1960年代、世界のポップカルチャーの中心だった「スウィンギング・ロンドン」。 前回このブログで紹介したビートルズの女、パティ・ボイドと共にこの時代を語る上ではずせない伝説の美少女がもう一人いる。
ローリングストーンズのボーカル、ミック・ジャガーの恋人として有名な、マリアンヌ・フェイスフルだ。
まるで天使のような清純可憐なルックスと、それに似合わぬロックンロールな生き方をしたマリアンヌ・フェイスフル。裸にレザースーツでバイクにまたがる「ルパン三世」の峰不二子のモデルとなったと言われている彼女。その魅力と素顔に迫ってみたいと思う。

最強女子ファッションはやっぱり60’s!「スウィンギング・ロンドン」

1960年代後半、アメリカ・サンフランシスコでヒッピーと呼ばれる若者達がラブ&ピースを掲げ、自由と刺激を求めて集結していた頃、イギリス・ロンドンでは「スウィンギング・ロンドン」と呼ばれるカルチャーが隆盛を極めていた。
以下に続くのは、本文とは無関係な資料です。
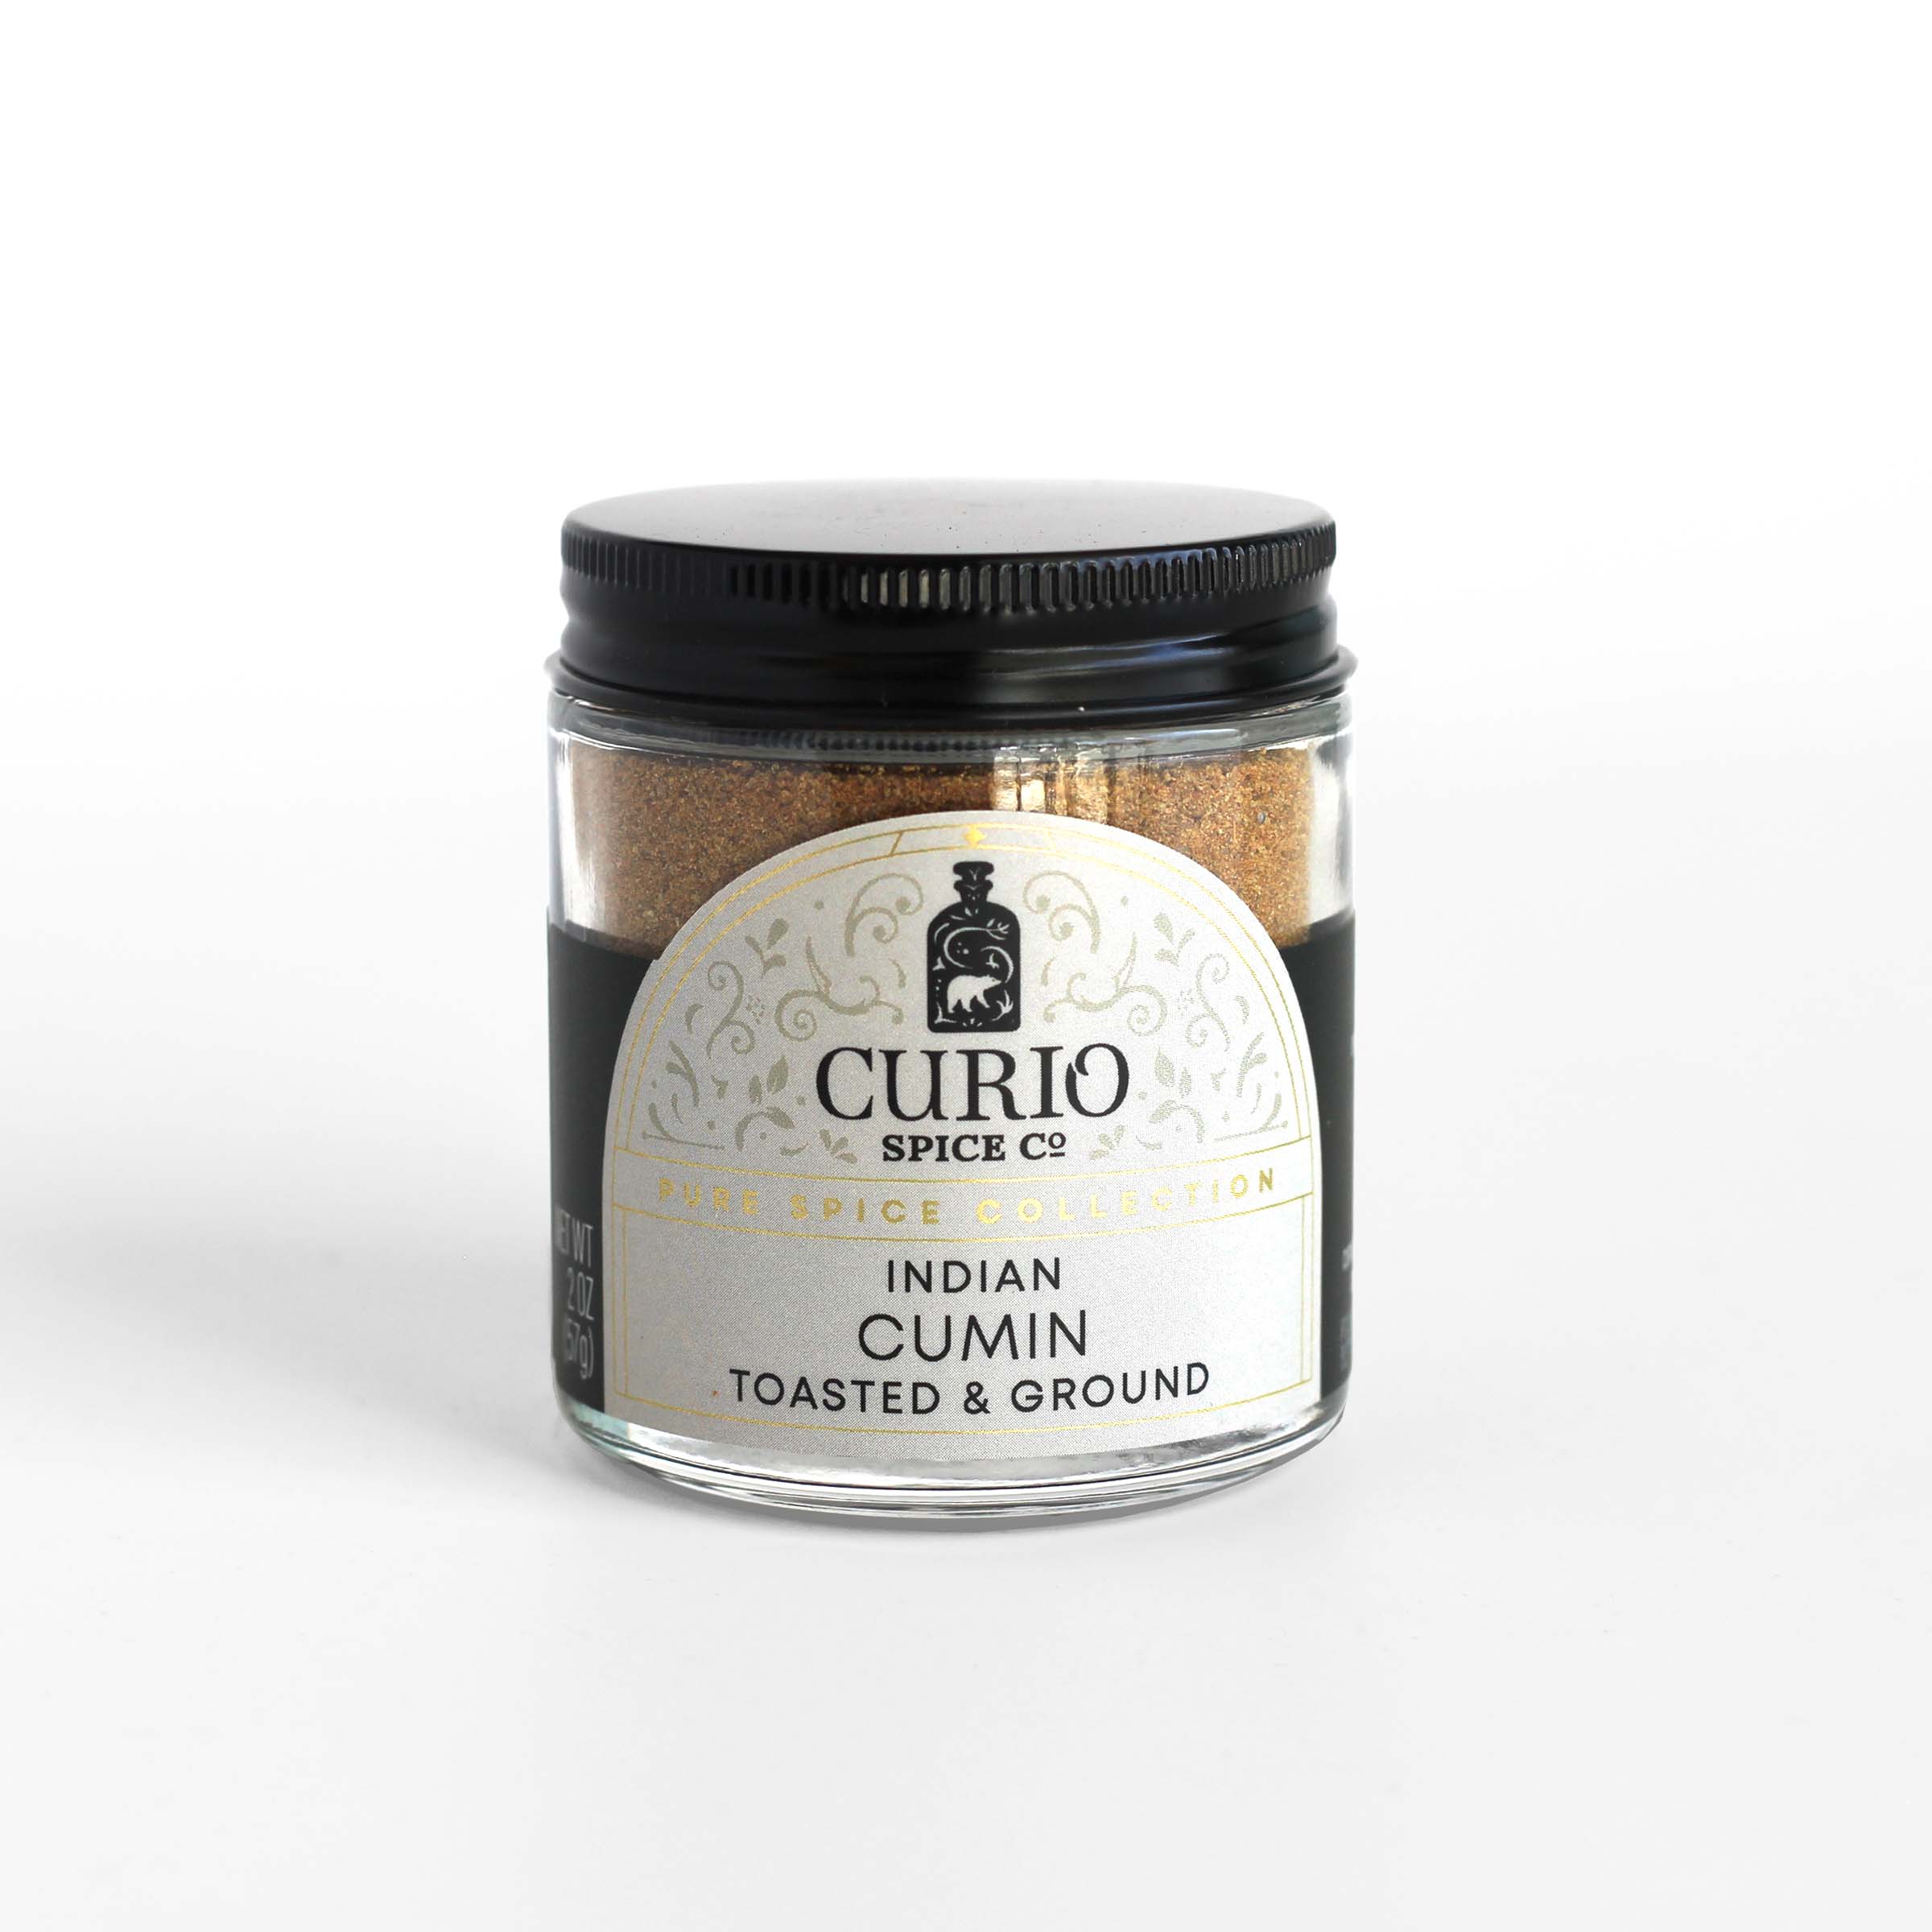 Curio Spice Co Indian Cumin, Toasted and Ground- Olive Oil Etcetera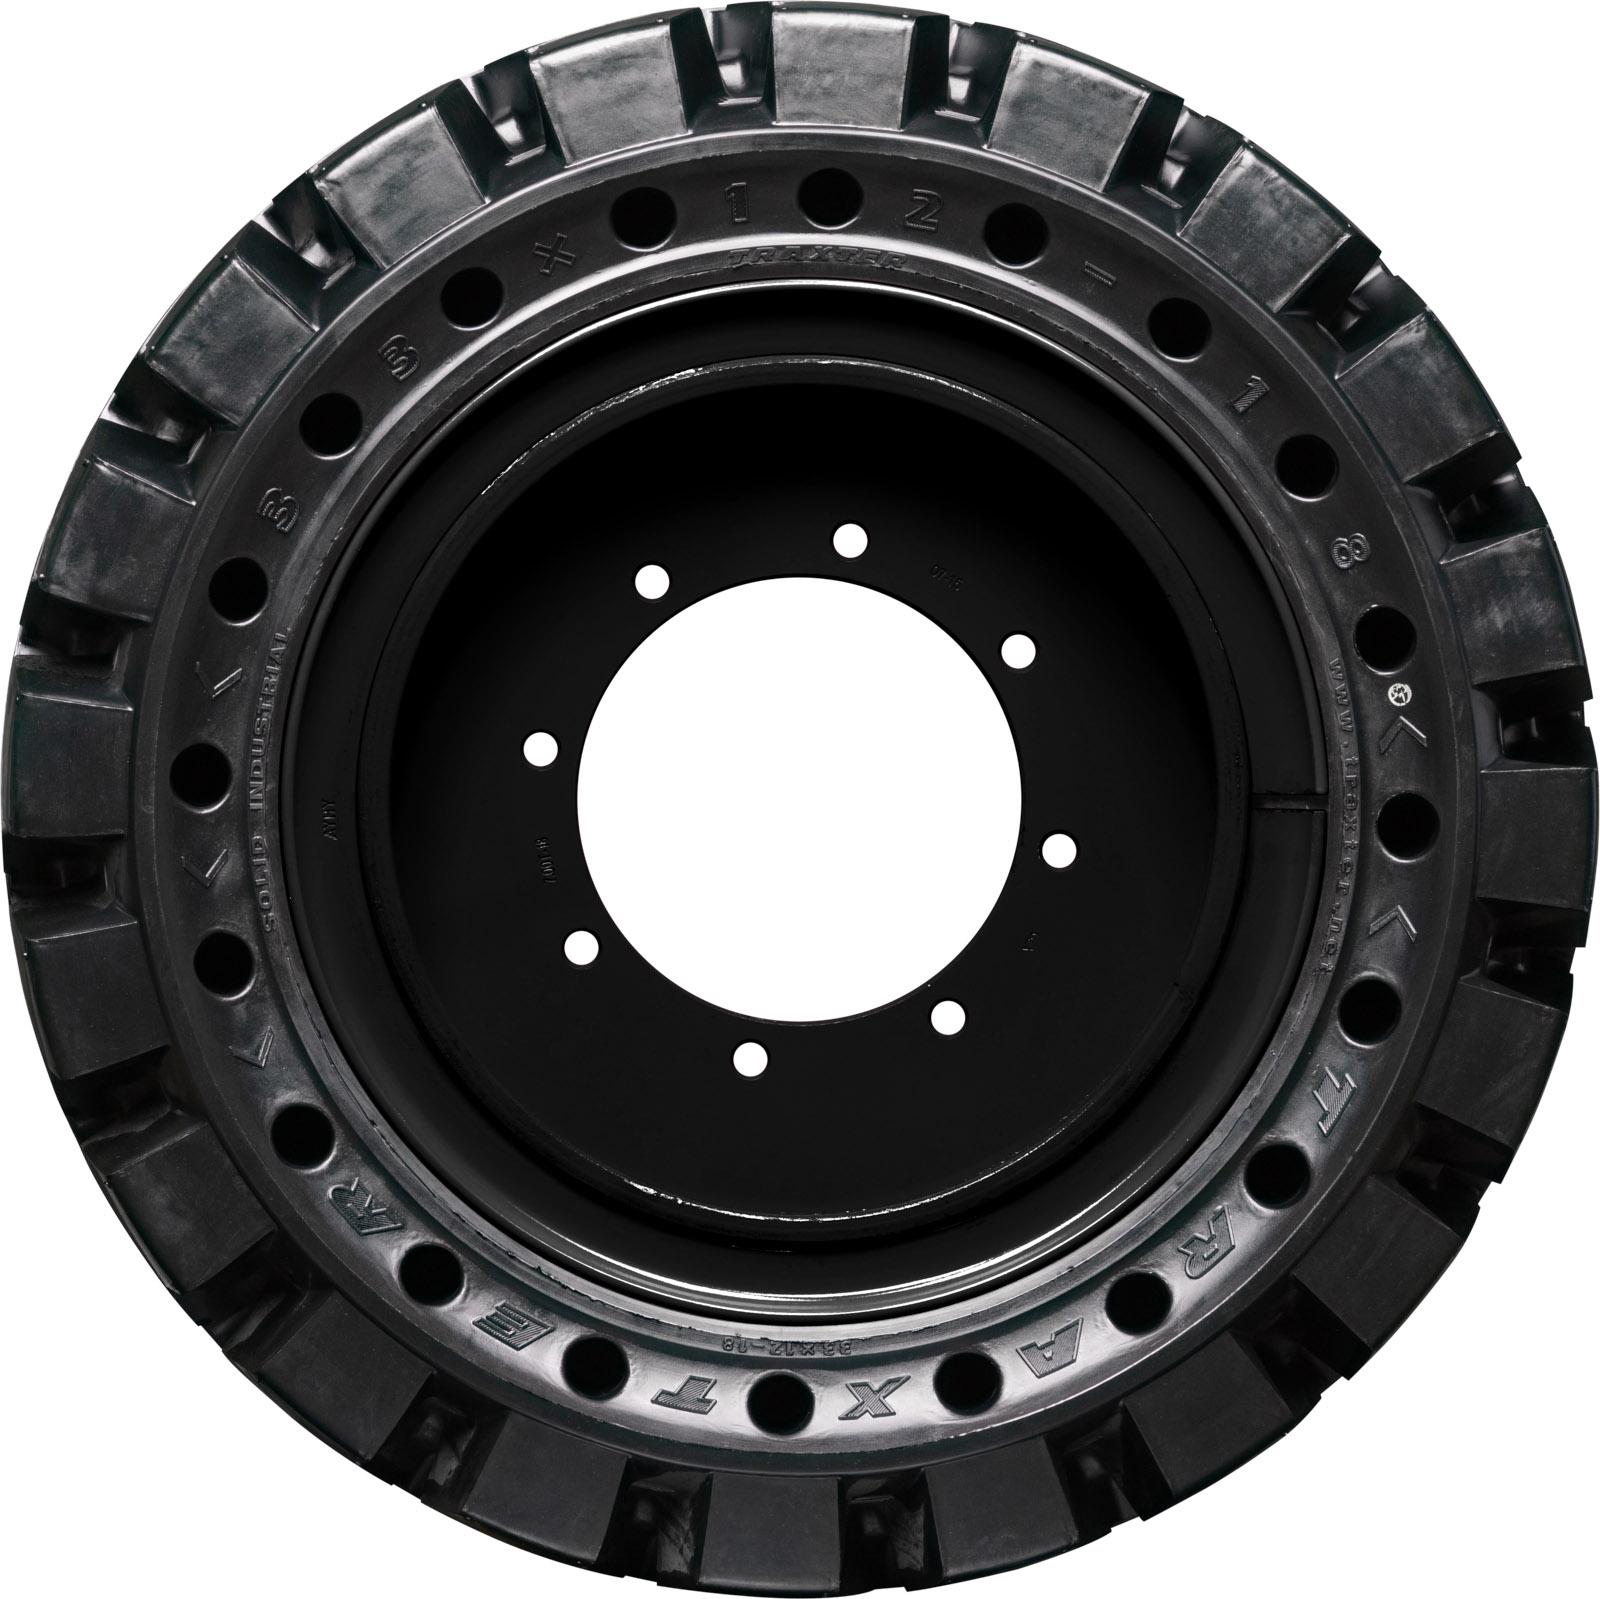 set of 4 traxter 30x10-16 (10x16.5) extreme duty non-directional solid rubber skid steer tire - 8x8 bolt rim

それはファッション、デザイン、映画、文学、アート、写真、そして音楽などに携わる人々やそれらを支持する人々が醸し出した一つの確固たる文化革命だった。

音楽界ではビートルズローリングストーンズがセンセーショナルなデビューを飾り、ロックに大きな革命をもたらしたが、ロンドンのストリートファッションも、世界的な注目を集める。

世界のポップカルチャーの中心だった「スウィンギング・ロンドン」
今でもレトロポップ、マスカラばっちりのドーリーメイクは女の子の憧れだし、その影響はいまだに音楽やアート、ファッションのみならず、ライフスタイルにも及んでいる。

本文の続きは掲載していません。